Washington Times: More than 100 immigrants the Obama administration released back into the community went on to be charged with subsequent murders, according to government data released Monday that raises new questions about whether immigration authorities are doing enough to detail illegal immigrants awaiting deportation.
In one case, U.S. Immigration and Customs Enforcement (ICE) admitted its agents didn’t find out about an illegal immigrant’s death threats and court injunctions against him — which should have put him back in detention — until after the man was accused of a new murder.
That case, involving Apolinar Altamirano, is the latest instance of someone who’d been through the Obama administration deportation system but had been released, only to go on to commit major crimes.
ICE officials say they don’t regularly notify local authorities when they release someone, and don’t have a way of finding out from those authorities whether someone has gotten in trouble with the law again, so they didn’t know whether Mr. Altamirano’s $10,000 bond should have been revoked.

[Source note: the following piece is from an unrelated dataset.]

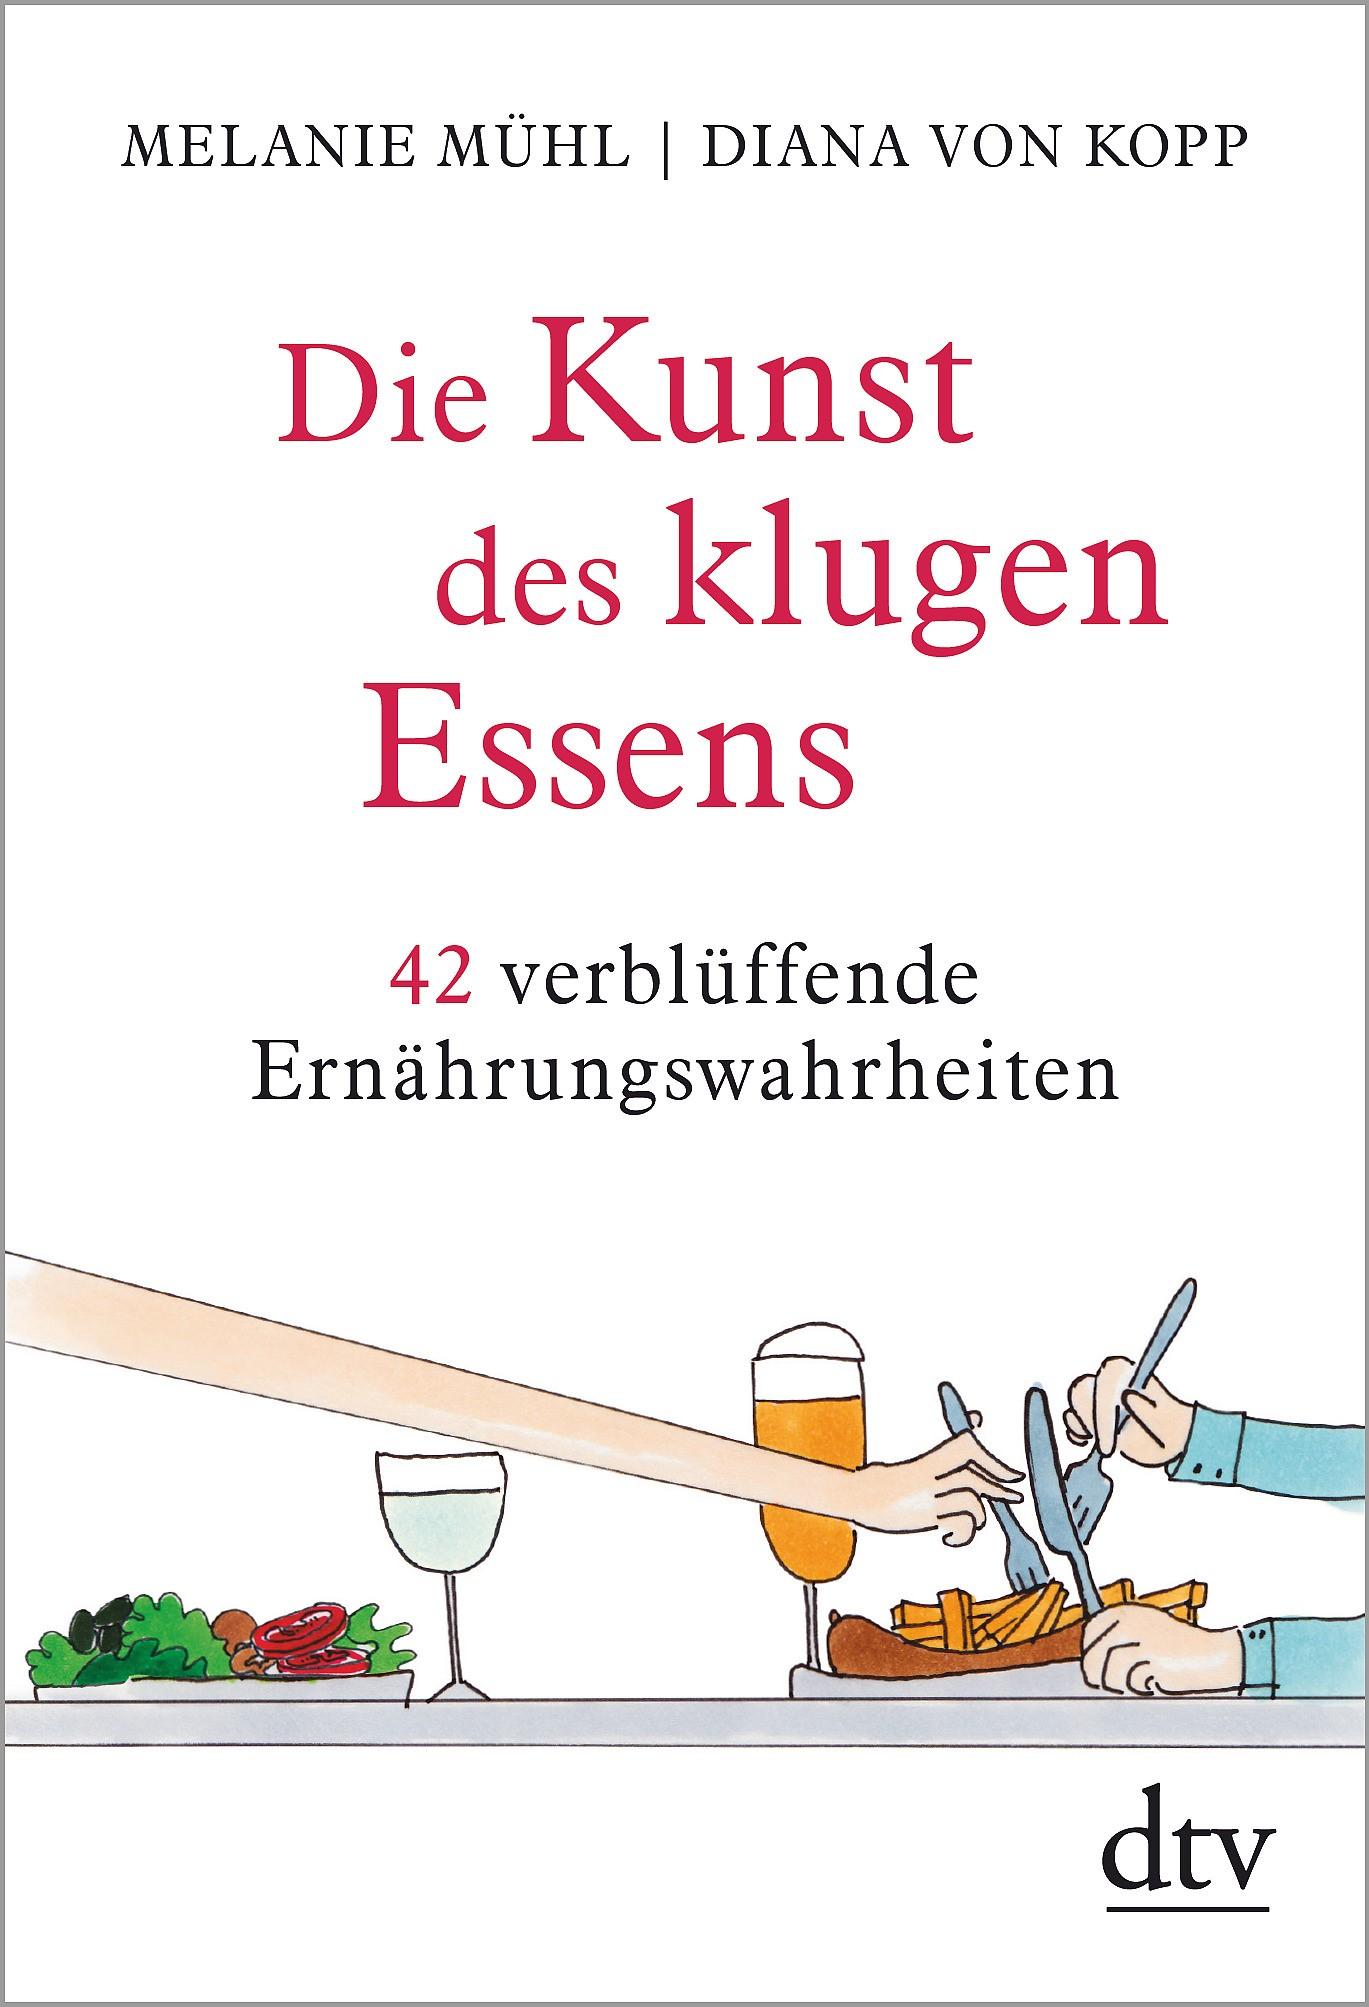 Die Kunst des klugen Essens   Mühl / Kopp, 2018   Buch (Cover)

“ICE was not aware of the injunctions against Mr. Altamirano until after his January 22, 2015 arrest for first-degree murder, armed robbery and related offenses,” the agency said in a letter to Senate Judiciary Committee Chairman Charles E. Grassley, Iowa Republican, and Sen. Jeff Flake, an Arizona Republican in whose state the murder occurred.
All told, 121 immigrants who were held but eventually released by ICE went on to commit “homicide-related offenses,” the agency said.